И запел Опанас тихим голосом песню. Голос был у Опанаса негромкий, да «сумный» [57]57
Украинское слово сумный совмещает в себе понятия, передаваемые по-русски словами: грустный и задумчивый.
[Закрыть]– так, бывало, в сердце и льется. А песню, хлопче, казак, видно, сам для пана придумал. Не слыхал я ее никогда больше, и когда после, бывало, к Опанасу пристану, чтобы спел, он все не соглашался.
«Для кого, говорит, та песня пелась, того уже нету на свете».
В той песне казак пану всю правду сказал, что с паном будет, и пан плачет, даже слезы у пана текут по усам, а все же ни слова, видно, из песни не понял.
Ох, не помню я эту песню, помню только немного.
Пел казак про пана, про Ивана:
Ой, пане, ой, Иване!..
Умный пан много знает…
Знает, что ястреб в небе летает, ворон побивает…
Ой, пане, ой, Иване!..
А того ж пан не знает,
Как на свете бывает, —
Что у гнезда и ворона ястреба побивает…
Вот же, хлопче, будто и теперь я эту песню слышу и тех людей вижу: стоит казак с бандурой, пан сидит на ковре, голову свесил и плачет; дворня кругом столпилась, поталкивают один другого локтями; старый Богдан головой качает… А лес, как теперь, шумит, и тихо да сумно звенит бандура, а казак поет, как пани плачет над паном, над Иваном:
Плачет пани, плачет,
А над паном, над Иваном черный ворон крячет.

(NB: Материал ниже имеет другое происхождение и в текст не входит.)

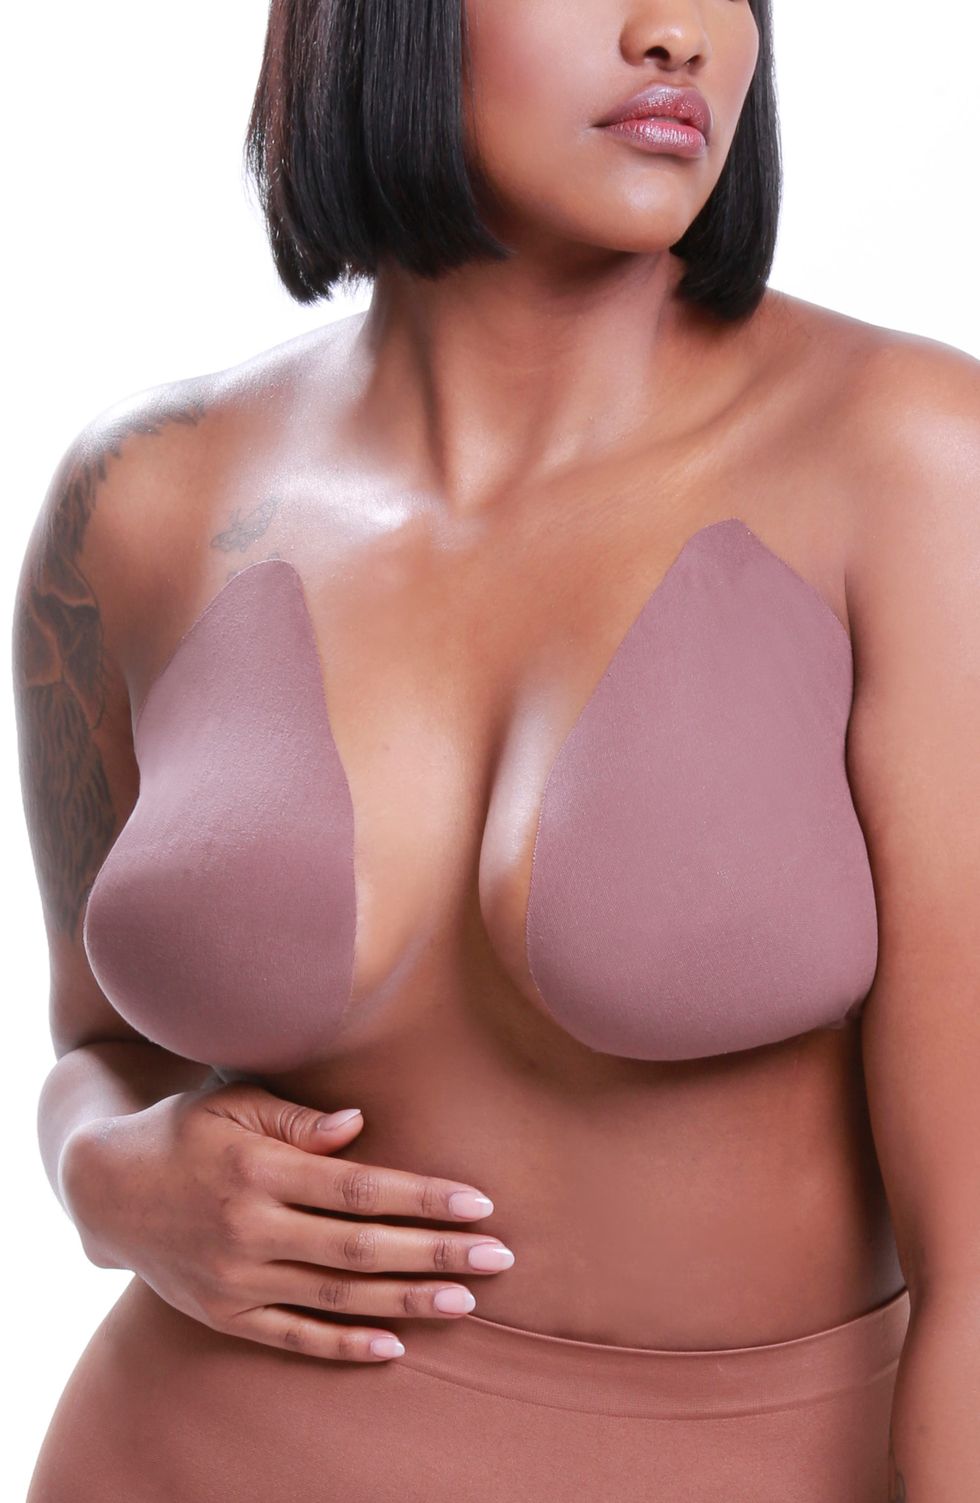 Nippies Breast Lift Tape

Ох, не понял пан песни, вытер слезы и говорит:
«Ну, собирайся, Роман! Хлопцы, садитесь на коней! И ты, Опанас, поезжай с ними – будет уж мне твоих песен слушать!.. Хорошая песня, да только никогда того, что в ней поется, на свете не бывает».
А у казака от песни размякло сердце, затуманились очи.
«Ох, пане, пане, – говорит Опанас, – у нас говорят старые люди: в сказке правда и в песне правда. Только в сказке правда – как железо: долго по свету из рук в руки ходило, заржавело… А в песне правда – как золото, что никогда его ржа не ест… Вот как говорят старые люди!»
Махнул пан рукой.
«Ну, может, так в вашей стороне, а у нас не так… Ступай, ступай, Опанас, – надоело мне тебя слушать».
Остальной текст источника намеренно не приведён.